Understanding Your Drink Choices

  • Well drinks are simple, straightforward drinks made with a bar’s “house liquor.” They typically contain 1-2 servings of liquor and one mixer.
  • Happy hours and drink specials often promote well drinks, making them seem like a good deal. However, the most economical way to drink is to drink less!
  • The Reframe app can help you develop a plan to quit or cut back on drinking so happy hour overindulgence can be a thing of the past.

Imagine you're meeting up with friends for a few drinks after work. You walk in and make your way through the crowd. At the center of it all is the bar, a place of choices and decisions. Here, nestled between the flashy bottles, sit the humble well liquors — the everyday choice for many people who drink. But what’s the story behind these unpretentious options? In a world where moderation is key, understanding the allure and reality of well drinks can be a step towards more mindful, informed drinking. Let's unravel the mystery of well drinks, explore their significance in the bar scene, and look at some tips for safe consumption.

Understanding Well Drinks

Well Liquor

To understand well drinks, it’s important to first understand the role of “well liquor,” also known as “house liquor.” These liquors are kept in a special place behind a bar called a well, rail, speed rail, speed rack, or lower shelf. It’s a quick-access spot for bartenders to store their most often used liquors to increase their drink-making speed: instead of picking a liquor off of a shelf, they just grab the one in the well. In high-volume establishments, this setup is essential for making every second count. In other bars, the well is used mostly for simplicity. It’s also a way for bars to reduce cost.
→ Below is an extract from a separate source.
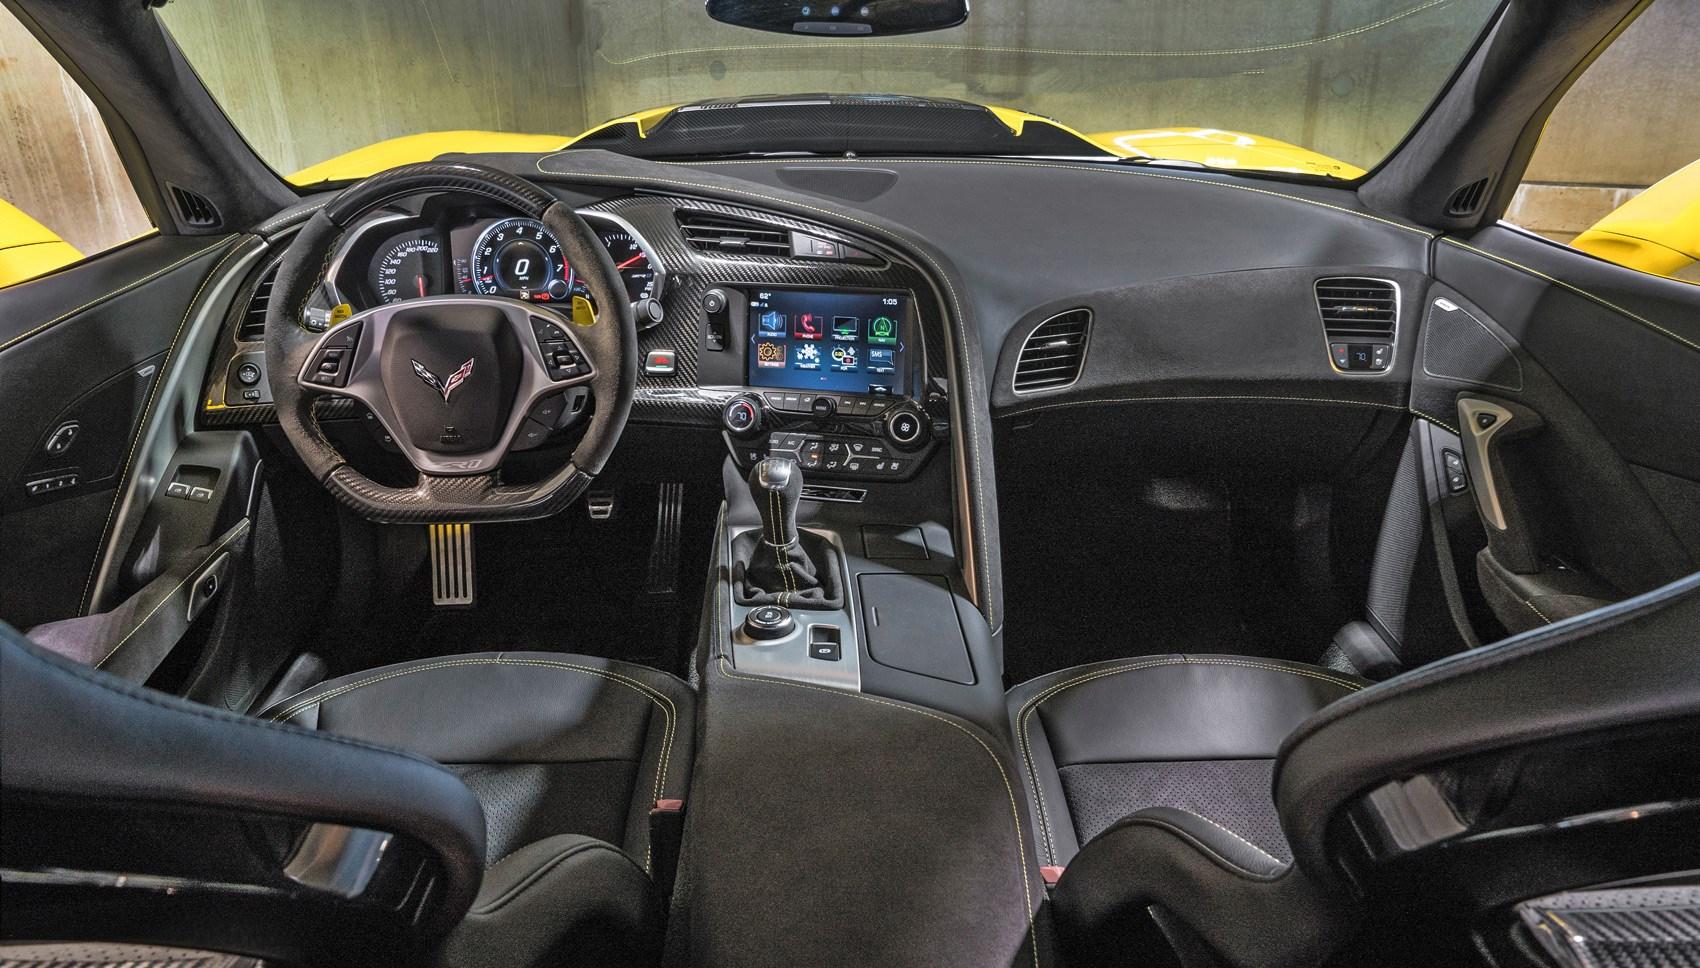 2017 Chevrolet Corvette Stingray >> Chevrolet Corvette C7 ZR1 (2019) review: the ultimate ...

By ordering and using certain brands of liquor in bulk, they can get a better deal from their distributors, maximize their profits, and (theoretically, at least) pass the savings on to their patrons.

A bartender making a drink for a women

Bartenders keep their wells stocked with one or (rarely) two brands of the most basic liquors — whiskey, vodka, rum, gin, tequila — and a selection of common mixers like triple sec, blue curaçao, and sour mix. The makeup of a well depends on the bar, their clientele, and even the time of year. Bartenders and bar management may also tailor their brand choices this way, too, depending on their goals, needs, and patrons.

When a Liquor Becomes a Drink

“Well drinks,” also known as “rail drinks,” are terms used to refer to simple, straightforward mixed drinks made with well liquor. When we order a basic drink in a bar — say, a gin and tonic — the bartender will almost always reach for the gin in their well unless instructed otherwise. This keeps things simple for everyone and streamlines the whole process. This method is also cheaper for the bar, and typically well drinks are the least expensive drinks in the house, although this isn’t always the case. Well drinks are often the target of drink specials and happy hours, making them popular choices for drinkers looking to save money.

If you’ve ever had a mixed drink at a bar, you’ve probably had a well drink. Let’s look at some common examples.

Examples of Well Drinks

Well drinks are often the most popular drinks at most bars. They don’t require an extensive knowledge of alcohol or mixology; they’re less expensive than other options, and they’re quick and easy to make.

Let’s look at some common liquors and how they’re used in well drinks. By no means is this an exhaustive well drinks list, but it’s a good start.

Vodka-based drinks such as vodka soda, vodka cranberry, Moscow mules, and Long Island Iced Tea

Gin-based drinks such as gin and tonics, gimlets, and Long Islands

Whiskey-based drinks like whiskey sodas, whiskey and cokes, and whiskey sours

Tequila-based drinks like margaritas, tequila sunrises, and Long Islands

Rum-based drinks like dark ‘n’ stormys, rum and cokes, mojitos, and Long Islands

Triple sec — used in drinks like margaritas and Long Islands

Role of Well Drinks in Bars

The theory behind a well drink is to deliver a speedy, cost-effective option to bar patrons that doesn’t require a mixology degree to make. While they may be economical options, they are also deceptive. Well drinks can cause us to underestimate the amount of alcohol we’ve had, even if we try to set a responsible limit for ourselves. If we set a financial budget for the evening instead of a drink limit goal, we may end up drinking more than we would like.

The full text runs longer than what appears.